> Exercise aim:
Quote the listing below in its entirety, omitting every image.

> Given information:
╔══

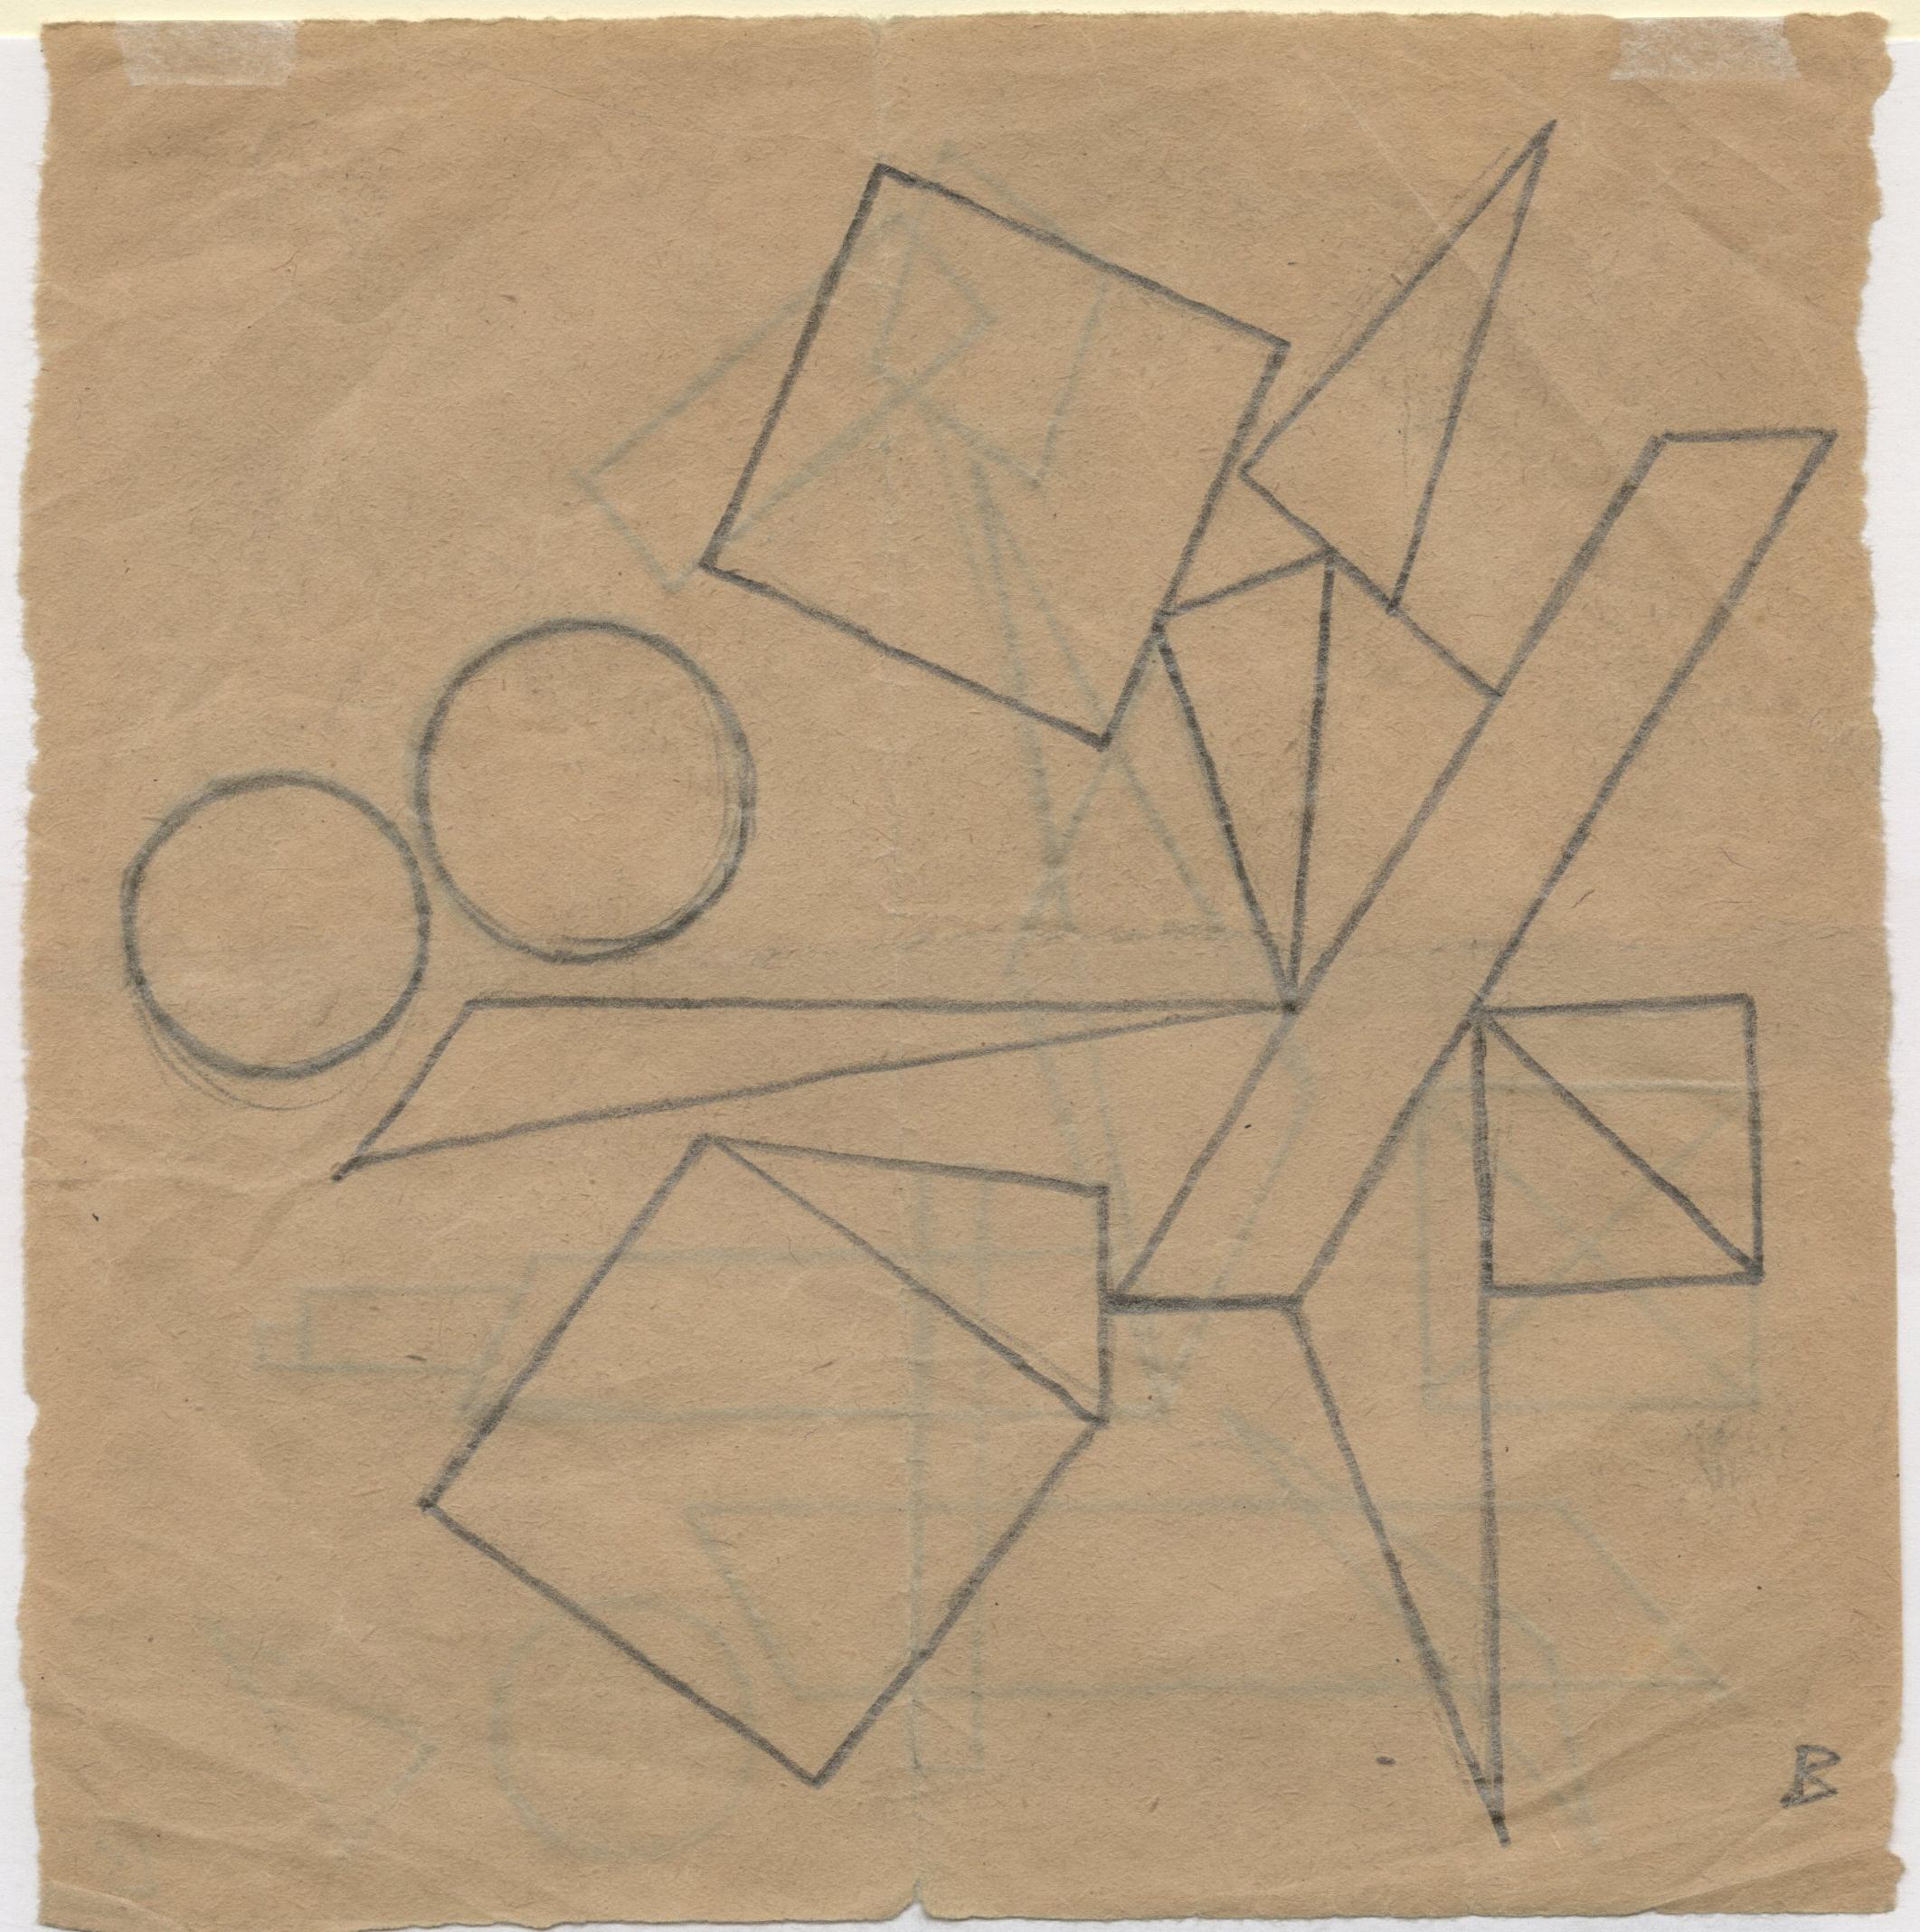 Gegenstandslose Zeichnung (doppelseitige Komposition)
Graphit auf Papier, 1938
Vom Künstler in der rechten unteren Ecke mit

╚══

> Answer to the exercise:
 Gegenstandslose Zeichnung (doppelseitige Komposition)
Graphit auf Papier, 1938
Vom Künstler in der rechten unteren Ecke mit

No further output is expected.